Bitcoin mining could change the world if it uses renewable energy

Bitcoin mining could change the world if it uses renewable energy

The most popular cryptocurrency in the world, bitcoin, after twelve years of existence, is in an unprecedented phase of adoption, however as we know its environmental impact is high. As its diffusion increases, the energy consumption required for mining should receive more attention from national regulators. Running the bitcoin network globally uses as much energy as Washington state, which accounts for less than half of 1% of total global energy consumption.
Bitcoin mining (using a specialized computer to solve a cryptographic puzzle), like the extraction of any other resource, requires energy. The inventor of bitcoin, Satoshi Nakamoto, has compared bitcoin mining to gold mining. “Gold mining is a waste, but that refusal is less than the usefulness of having gold available as a medium of exchange”. The same goes for bitcoin.
Unlike many other resources, however, the power to mine bitcoin can be obtained from renewable resources. Currently, as of mid-September 2021, it takes $ 12,500 to mine a block of bitcoin, which is worth just over $ 312,500.10. This is a positive attribute because the effort and energy spent reflect the value of bitcoin, just like with other scarce assets. However, 90% of all bitcoins that will ever be mined already exist.
It is estimated that it cost around $ 28 billion to create all the existing bitcoins and that those 28 billion are now worth nearly $ 1 trillion, in constant growth. For reference, the US Treasury spends over $ 1 billion annually to maintain the US currency, and this is just one of around 190 currencies on the planet. The cost of money on a global scale also uses energy resources, and those totals easily outweigh the cost of mining bitcoin, even at today’s costs.
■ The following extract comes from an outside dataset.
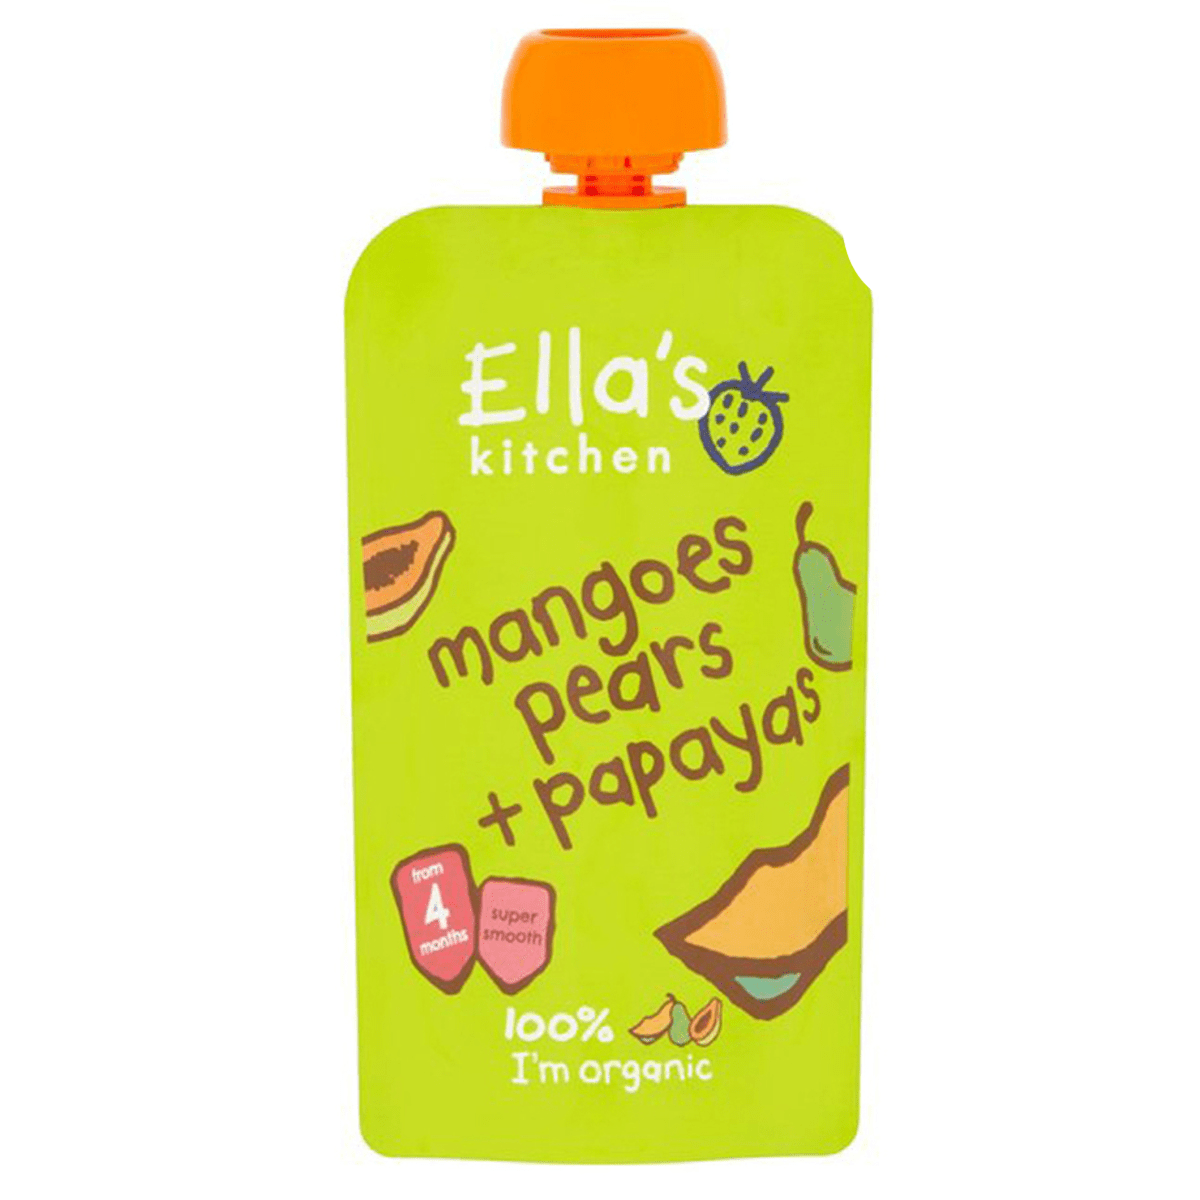 Organic Mangoes Pears + Papayas (7X120g) - Ella's Kitchen

Today, the Bitcoin network uses around 140 TW / h of energy, just under the gas burned by the US oil industry alone, which could generate 150 TW / h of electricity. The cost of running a miner is almost entirely his electricity cost.
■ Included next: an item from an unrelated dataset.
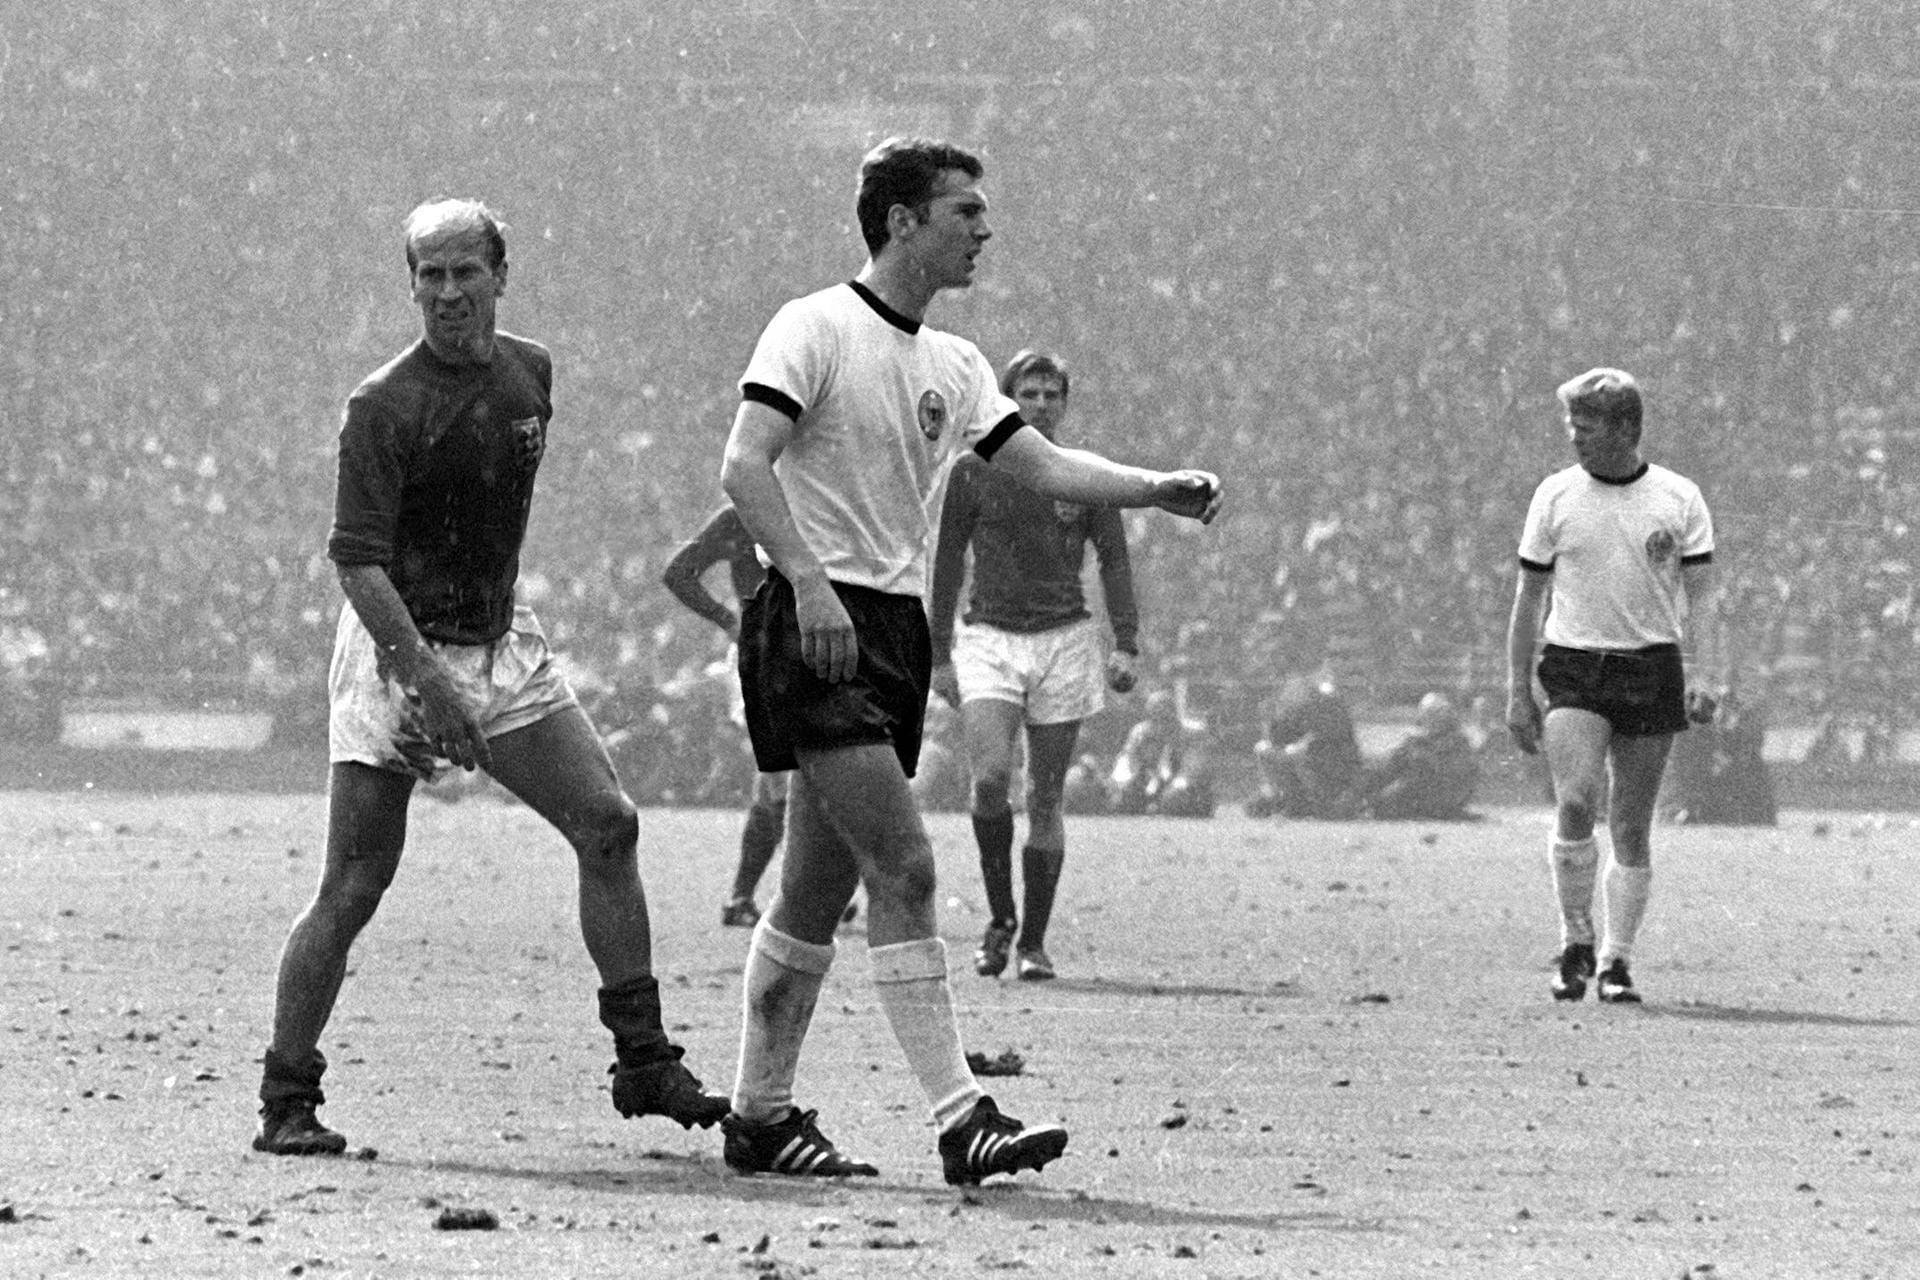 Bei der WM 1966 in England geht Beckenbauers Stern auf. Als defensiver Mittelfeldspieler erzielt er insgesamt vier Tore und belegt den dritten Platz in der Torschützenliste. Im Endspiel gegen England ist er der Sonderbewacher des damaligen Superstars Bobby Charlton (l.). Hinterher stellt sich heraus, dass Charlton wiederum den Auftrag hatte, Beckenbauer zu bewachen. Beide neutralisieren sich.

Earlier this year, China banned bitcoin mining and initiated a migration of miners around the world in search of low-cost energy sources to run their business. This migration will take 12-18 months to take place. During this time, the United States and others will compete to make their positions the most attractive to miners.
The opportunity we face is not just to build a bitcoin network that relies on renewable energy, but one that also uses waste streams from oil and gas production operations and even the unused baseload from operations. utility to add energy efficiency to the overall energy production market.
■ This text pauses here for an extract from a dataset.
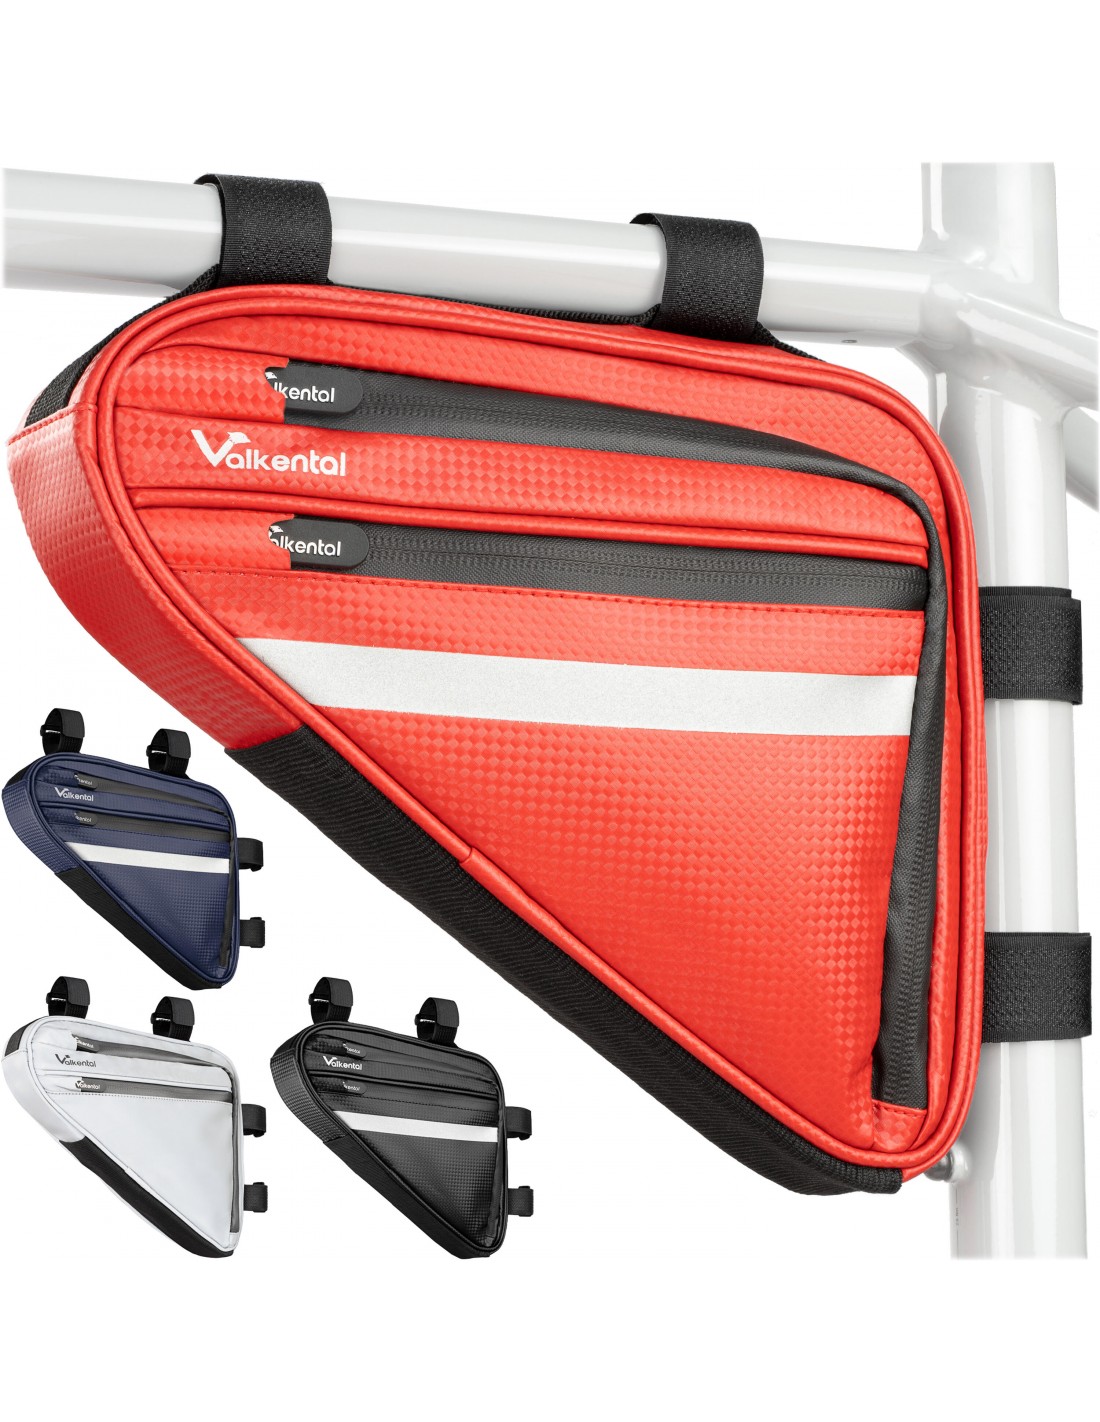 Valkental Triangel Bag - Praktische Rahmentasche mit viel Platz, rot Taschenvariante - Rahmentasche, von Valkental

The problem is that the Bitcoin network will not use less energy in the future, it will use more – and the challenge will be to make sure it uses clean energy sources. For example, tax changes for mining bitcoin from renewable or waste energy sources could provide a tax advantage that conventional mining would not receive. Additionally, mining facilities, which will grow in size and energy consumption as bitcoin becomes more energy-intensive to mine, will need to follow state and local code requirements for safety and efficiency.
Small and large utilities will need assistance in gaining regulatory approval so they can enter into long-term contracts with miners and demonstrate added value for their customers by using their standby power to mine bitcoins. Likewise, oil and gas operators will need assistance in entering into contracts with bitcoin miners to use the burnt gas to power bitcoin miners.